Теперь сплошь да рядом выходили, потому что кружилась голова. Их место тотчас занимали другие, не попавшие в церковь и успевшие продрогнуть, стоя снаружи около окон. Постепенно начинали дрогнуть и те, что вышли, и опять теснились на крыльце, стараясь проникнуть внутрь. Отец Сергий скрепя сердце мирился с этим, только строго требовал, чтобы никакого хождения не было в главные моменты богослужения, т. е. во время Евангелия, «Херувимской» и Евхаристийного канона (от пения «Милость мира» до «Достойно есть»), «Если чувствуете, что не можете простоять, — говорил он, — лучше заранее выйдите, а в это время не толкайтесь».
Даже просто стоять приходилось учить. Хотя амвон был всего в одну ступеньку, все-таки с него было виднее, и отец Сергий советовал молящимся вставать не друг за другом, а в шахматном порядке, каждый следующий ряд в промежутках между стоящими впереди. Таким образом, вместо каждых трех рядов вставали четыре, а всего в церковь ухитрялись набиваться до шестисот человек. И в этом году, и в следующем много внимания приходилось уделять упорядочению коленопреклонений, которые в такой тесноте казались бы нам теперь просто немыслимыми. Отец Сергий говорил, что там, где человек стоит на ногах, он может стоять и на коленях, только нужно вставать точно на свое место, главное, не пятясь, чтобы не прижать к стене задние ряды. Ногам же место как-нибудь найдется.
В конце концов он добился успеха, люди научились вставать на колени. Стояли даже в весеннюю и осеннюю распутицу, когда, как ни вытирай ноги, на них остается грязь, пачкающая соседей. Только девушки, трепещущие за судьбу своих нарядных платьев, додумались надевать под них темные старенькие юбки и ловко загораживались ими от особо опасной пары сапог.
[34] Одинцом назывался единственный мужчина в семье или последний немобилизованный сын старых родителей.

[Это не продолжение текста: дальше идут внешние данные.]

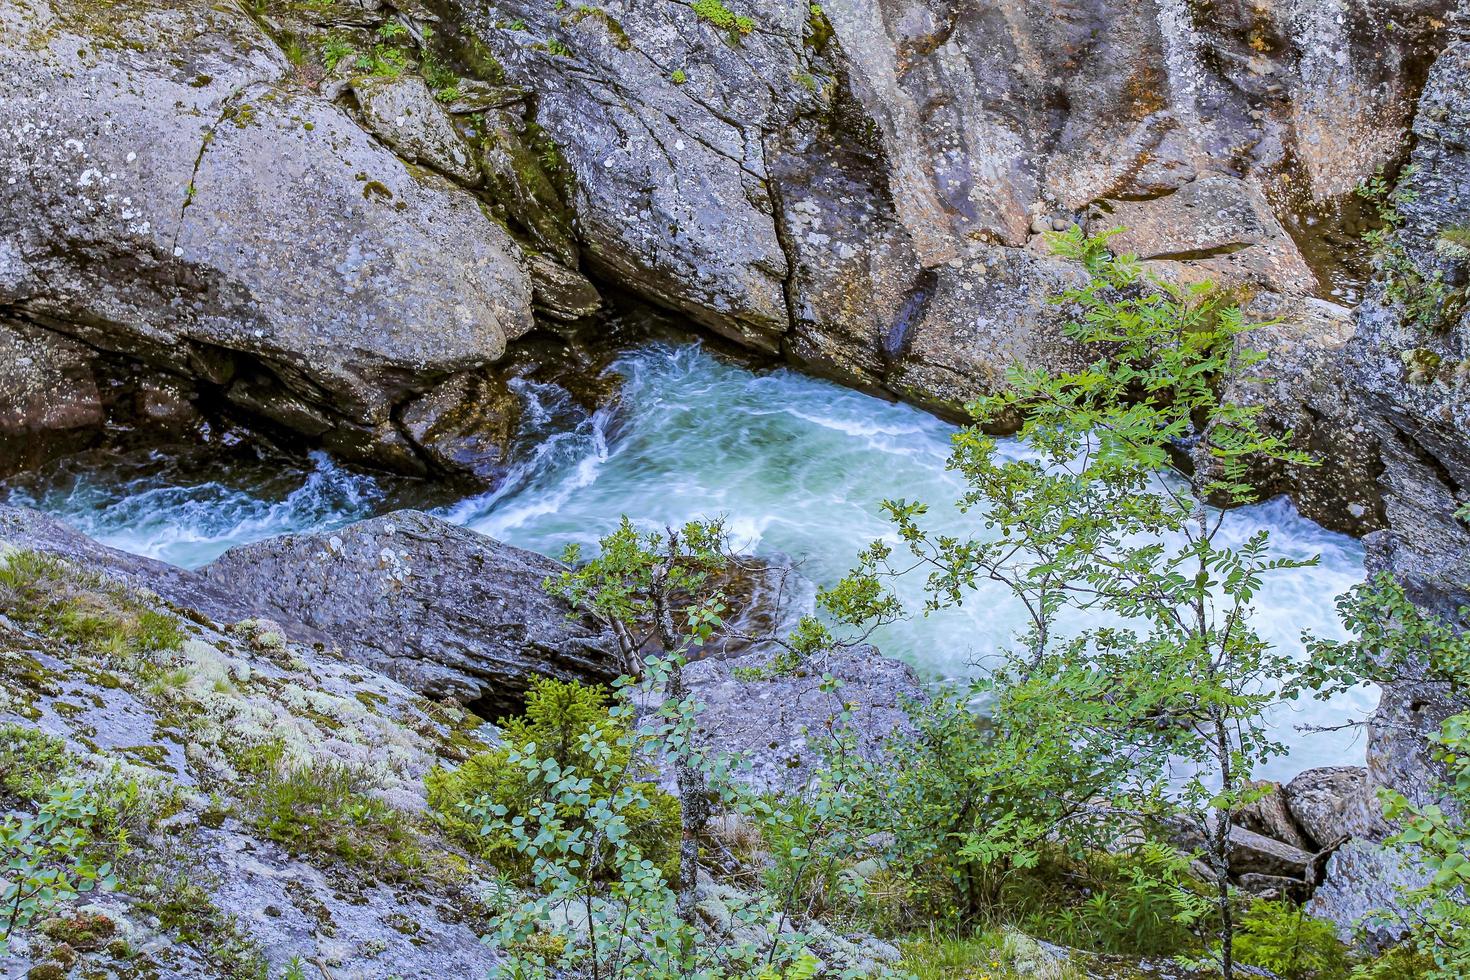 stromend rivierwater van de waterval rjukandefossen, hemsedal, noorwegen. foto

Их освобождали от военной службы для прокормления семьи. – Авт.
[35] Ратники ополчения, или ополченцы 2-го разряда, – запасные старших возрастов. – Авт.
[36] Питирим (Окнов, 1858–1920), архиепископ Самарский и Ставропольский с декабря 1913 г. по июнь 1914 г. Впоследствии (с ноября 1915 г.), митрополит Петроградский и Ладожский, член Священного Синода. 6 марта 1917 г. смещен с кафедры как ставленник Г. Распутина.
[37] Михаил (Богданов, 1867–1925), епископ Самарский и Ставропольский с июля 1914 г. по декабрь 1918 г.
[38] Филарет (Никольский, 1858–1922), епископ Самарский и Ставропольский в 1920–1921 гг. Умер в ссылке.
[39] Так в оригинале. Возможно, имеется в виду более распространенная афонская икона – Иверская.
[40] Имя его никому не запомнилось, все называли его просто «австриец». – Авт.
[41] Половня – сарай для мякины и с/х орудий. – Авт.
[42] Впоследствии епископ Петр Сердобский. По независящим ни от Священного Синода, ни от комиссии обстоятельствам расследование не состоялось. – Авт.
[43] Икона Божией Матери «Взыскание погибших».
[44] Сражение в Русско-японской войне, состоялось 10–11 июля 1904 г.